From the records below, transcribe only the lines running from the one with "two cats sitting on purple background" through the one with "Long-billed Curlew Photo by Rob O'Donnell". Keep both of those end lines.

═══ Given data

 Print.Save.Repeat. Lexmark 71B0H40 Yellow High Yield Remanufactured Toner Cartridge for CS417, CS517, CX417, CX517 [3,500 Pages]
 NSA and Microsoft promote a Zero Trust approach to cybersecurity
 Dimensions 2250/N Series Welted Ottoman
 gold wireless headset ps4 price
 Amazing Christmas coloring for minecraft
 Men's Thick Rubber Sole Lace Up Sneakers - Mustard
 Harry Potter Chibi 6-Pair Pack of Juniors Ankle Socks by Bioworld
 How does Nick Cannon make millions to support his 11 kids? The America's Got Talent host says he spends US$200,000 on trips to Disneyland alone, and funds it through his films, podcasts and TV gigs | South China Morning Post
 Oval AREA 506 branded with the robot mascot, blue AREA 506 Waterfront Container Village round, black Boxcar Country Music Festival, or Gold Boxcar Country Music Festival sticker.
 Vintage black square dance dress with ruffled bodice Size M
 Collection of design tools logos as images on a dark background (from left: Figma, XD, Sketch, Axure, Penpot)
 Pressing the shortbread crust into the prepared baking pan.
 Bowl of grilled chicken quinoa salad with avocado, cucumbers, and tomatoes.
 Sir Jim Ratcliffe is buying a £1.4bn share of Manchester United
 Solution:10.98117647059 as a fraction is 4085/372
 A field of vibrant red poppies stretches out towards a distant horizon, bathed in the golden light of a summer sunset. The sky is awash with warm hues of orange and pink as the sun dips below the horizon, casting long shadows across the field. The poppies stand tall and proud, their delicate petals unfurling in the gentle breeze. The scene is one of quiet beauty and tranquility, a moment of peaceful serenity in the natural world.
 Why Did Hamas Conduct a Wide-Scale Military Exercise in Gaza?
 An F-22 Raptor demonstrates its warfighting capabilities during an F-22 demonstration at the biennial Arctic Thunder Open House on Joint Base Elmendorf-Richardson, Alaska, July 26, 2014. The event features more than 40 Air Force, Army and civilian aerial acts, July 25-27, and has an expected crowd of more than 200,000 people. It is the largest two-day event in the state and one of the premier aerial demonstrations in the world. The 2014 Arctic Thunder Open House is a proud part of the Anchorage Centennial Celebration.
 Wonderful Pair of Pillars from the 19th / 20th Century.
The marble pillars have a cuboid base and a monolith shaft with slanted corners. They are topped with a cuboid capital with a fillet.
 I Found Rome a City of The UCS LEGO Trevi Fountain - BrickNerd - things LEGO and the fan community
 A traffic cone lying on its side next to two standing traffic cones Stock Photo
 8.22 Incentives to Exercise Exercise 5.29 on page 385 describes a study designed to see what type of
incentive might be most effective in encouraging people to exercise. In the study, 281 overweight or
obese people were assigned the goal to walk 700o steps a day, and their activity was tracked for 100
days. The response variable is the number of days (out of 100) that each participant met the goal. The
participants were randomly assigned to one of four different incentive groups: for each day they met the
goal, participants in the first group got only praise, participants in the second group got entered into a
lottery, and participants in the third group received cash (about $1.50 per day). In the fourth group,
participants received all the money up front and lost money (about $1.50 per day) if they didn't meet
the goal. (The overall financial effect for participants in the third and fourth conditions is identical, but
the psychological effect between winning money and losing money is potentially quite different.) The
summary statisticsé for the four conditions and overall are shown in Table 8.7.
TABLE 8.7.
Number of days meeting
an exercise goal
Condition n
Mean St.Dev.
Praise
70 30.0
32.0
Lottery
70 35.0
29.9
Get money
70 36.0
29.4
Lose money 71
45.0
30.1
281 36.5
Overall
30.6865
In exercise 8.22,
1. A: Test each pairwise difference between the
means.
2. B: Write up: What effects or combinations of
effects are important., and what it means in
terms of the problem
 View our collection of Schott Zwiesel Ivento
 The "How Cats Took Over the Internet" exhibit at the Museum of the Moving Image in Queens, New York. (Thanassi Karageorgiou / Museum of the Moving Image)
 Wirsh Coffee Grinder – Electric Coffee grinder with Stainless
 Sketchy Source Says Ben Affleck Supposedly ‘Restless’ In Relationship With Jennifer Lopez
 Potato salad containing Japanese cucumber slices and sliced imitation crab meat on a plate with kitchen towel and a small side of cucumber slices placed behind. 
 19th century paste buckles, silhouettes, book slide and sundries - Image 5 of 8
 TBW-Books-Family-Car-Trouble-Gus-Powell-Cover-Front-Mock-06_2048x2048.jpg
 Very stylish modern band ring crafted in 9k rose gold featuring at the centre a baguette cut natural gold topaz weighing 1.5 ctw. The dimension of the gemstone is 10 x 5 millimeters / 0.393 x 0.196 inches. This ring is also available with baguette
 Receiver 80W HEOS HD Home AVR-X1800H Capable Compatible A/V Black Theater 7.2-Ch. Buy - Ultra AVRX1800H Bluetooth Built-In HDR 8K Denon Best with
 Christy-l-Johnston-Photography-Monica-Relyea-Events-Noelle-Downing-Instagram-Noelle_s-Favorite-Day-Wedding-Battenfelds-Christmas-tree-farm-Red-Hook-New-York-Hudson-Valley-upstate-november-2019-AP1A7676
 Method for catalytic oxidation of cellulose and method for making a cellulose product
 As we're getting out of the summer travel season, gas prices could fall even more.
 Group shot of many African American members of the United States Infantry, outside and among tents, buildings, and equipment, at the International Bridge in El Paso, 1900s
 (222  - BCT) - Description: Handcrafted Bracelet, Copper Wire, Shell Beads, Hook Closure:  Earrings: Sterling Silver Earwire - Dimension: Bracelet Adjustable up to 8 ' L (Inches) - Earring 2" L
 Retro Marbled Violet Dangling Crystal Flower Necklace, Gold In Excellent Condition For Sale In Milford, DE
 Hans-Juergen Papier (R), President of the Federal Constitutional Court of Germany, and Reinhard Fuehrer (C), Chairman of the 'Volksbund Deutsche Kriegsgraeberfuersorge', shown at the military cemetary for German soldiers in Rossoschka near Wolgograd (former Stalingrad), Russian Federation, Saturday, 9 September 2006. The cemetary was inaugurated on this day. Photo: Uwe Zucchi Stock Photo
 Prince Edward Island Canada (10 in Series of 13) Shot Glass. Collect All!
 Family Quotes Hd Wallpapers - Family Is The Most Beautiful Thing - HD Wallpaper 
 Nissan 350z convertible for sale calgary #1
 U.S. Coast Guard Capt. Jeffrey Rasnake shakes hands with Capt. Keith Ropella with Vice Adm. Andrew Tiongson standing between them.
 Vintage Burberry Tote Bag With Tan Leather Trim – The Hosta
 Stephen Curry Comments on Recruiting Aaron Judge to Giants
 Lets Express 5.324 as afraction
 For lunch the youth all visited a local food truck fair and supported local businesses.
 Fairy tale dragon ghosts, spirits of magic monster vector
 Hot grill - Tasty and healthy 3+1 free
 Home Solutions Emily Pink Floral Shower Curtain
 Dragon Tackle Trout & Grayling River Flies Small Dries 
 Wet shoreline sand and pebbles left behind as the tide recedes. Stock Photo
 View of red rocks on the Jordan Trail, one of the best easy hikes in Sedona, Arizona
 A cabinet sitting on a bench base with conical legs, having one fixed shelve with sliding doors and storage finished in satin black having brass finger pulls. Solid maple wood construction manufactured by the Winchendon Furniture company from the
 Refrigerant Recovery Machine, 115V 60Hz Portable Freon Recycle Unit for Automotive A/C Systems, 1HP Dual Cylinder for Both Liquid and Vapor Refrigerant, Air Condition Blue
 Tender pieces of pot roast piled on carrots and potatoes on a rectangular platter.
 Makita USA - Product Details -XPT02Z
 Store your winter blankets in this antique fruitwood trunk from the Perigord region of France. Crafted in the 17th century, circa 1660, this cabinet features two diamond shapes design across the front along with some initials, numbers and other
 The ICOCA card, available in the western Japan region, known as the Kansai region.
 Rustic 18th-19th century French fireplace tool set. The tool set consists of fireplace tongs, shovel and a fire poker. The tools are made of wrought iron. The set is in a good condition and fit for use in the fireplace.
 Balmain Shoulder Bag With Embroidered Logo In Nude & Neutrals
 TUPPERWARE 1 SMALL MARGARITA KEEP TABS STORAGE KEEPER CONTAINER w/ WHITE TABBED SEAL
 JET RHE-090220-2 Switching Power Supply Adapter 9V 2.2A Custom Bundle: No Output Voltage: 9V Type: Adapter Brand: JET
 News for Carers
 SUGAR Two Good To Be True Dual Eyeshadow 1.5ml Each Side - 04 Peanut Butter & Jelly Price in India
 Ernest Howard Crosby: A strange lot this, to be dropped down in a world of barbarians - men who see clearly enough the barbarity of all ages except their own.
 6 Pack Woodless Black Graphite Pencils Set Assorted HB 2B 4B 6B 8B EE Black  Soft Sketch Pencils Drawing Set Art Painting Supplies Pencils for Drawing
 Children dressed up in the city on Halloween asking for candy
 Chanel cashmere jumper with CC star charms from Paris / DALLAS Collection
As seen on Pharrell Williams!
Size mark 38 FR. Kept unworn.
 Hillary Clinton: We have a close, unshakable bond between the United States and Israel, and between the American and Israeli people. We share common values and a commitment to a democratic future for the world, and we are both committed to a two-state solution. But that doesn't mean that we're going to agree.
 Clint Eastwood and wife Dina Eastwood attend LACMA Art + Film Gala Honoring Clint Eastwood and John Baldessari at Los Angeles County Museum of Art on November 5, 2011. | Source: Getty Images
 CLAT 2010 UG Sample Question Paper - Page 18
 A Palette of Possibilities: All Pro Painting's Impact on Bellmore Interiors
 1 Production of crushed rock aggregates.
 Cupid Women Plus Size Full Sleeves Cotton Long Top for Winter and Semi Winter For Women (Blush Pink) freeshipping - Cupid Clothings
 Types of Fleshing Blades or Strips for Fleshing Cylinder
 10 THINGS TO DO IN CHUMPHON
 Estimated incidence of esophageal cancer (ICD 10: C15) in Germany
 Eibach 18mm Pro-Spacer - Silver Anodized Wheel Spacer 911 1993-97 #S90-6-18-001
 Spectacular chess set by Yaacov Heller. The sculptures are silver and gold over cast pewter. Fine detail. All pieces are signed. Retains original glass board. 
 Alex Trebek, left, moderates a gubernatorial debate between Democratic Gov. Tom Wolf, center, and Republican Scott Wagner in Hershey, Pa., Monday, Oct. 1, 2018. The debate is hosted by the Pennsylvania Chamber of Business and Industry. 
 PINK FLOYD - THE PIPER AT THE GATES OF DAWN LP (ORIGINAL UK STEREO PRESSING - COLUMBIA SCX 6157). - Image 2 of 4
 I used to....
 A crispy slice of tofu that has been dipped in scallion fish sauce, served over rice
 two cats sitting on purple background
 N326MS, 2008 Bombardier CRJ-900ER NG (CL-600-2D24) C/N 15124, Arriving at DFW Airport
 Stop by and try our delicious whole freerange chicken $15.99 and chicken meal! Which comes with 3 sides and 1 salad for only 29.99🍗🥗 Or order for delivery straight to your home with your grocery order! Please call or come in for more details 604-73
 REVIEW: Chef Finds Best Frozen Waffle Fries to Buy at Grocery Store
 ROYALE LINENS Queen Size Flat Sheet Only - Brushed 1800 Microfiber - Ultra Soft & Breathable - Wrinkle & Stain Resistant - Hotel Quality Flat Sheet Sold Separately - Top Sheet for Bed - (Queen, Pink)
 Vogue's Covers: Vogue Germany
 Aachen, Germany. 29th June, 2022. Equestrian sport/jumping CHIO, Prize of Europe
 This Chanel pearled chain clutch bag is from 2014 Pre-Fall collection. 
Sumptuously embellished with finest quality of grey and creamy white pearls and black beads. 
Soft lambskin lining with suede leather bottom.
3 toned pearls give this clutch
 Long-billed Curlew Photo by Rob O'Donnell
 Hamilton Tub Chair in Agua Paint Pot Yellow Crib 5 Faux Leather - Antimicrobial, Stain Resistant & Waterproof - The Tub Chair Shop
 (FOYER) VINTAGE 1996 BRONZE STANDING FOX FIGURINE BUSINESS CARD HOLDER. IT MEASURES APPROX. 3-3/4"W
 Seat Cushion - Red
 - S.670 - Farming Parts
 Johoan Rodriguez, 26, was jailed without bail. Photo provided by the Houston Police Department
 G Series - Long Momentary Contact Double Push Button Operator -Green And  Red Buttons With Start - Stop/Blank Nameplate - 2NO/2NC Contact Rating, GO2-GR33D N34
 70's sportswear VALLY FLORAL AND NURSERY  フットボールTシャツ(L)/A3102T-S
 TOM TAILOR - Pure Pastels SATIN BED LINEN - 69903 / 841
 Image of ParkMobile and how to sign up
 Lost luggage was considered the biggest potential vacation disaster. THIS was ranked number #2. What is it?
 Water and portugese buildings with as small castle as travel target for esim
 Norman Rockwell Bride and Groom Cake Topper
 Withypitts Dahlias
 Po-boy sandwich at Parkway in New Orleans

══════

### Response to this exercise
 two cats sitting on purple background
 N326MS, 2008 Bombardier CRJ-900ER NG (CL-600-2D24) C/N 15124, Arriving at DFW Airport
 Stop by and try our delicious whole freerange chicken $15.99 and chicken meal! Which comes with 3 sides and 1 salad for only 29.99🍗🥗 Or order for delivery straight to your home with your grocery order! Please call or come in for more details 604-73
 REVIEW: Chef Finds Best Frozen Waffle Fries to Buy at Grocery Store
 ROYALE LINENS Queen Size Flat Sheet Only - Brushed 1800 Microfiber - Ultra Soft & Breathable - Wrinkle & Stain Resistant - Hotel Quality Flat Sheet Sold Separately - Top Sheet for Bed - (Queen, Pink)
 Vogue's Covers: Vogue Germany
 Aachen, Germany. 29th June, 2022. Equestrian sport/jumping CHIO, Prize of Europe
 This Chanel pearled chain clutch bag is from 2014 Pre-Fall collection. 
Sumptuously embellished with finest quality of grey and creamy white pearls and black beads. 
Soft lambskin lining with suede leather bottom.
3 toned pearls give this clutch
 Long-billed Curlew Photo by Rob O'Donnell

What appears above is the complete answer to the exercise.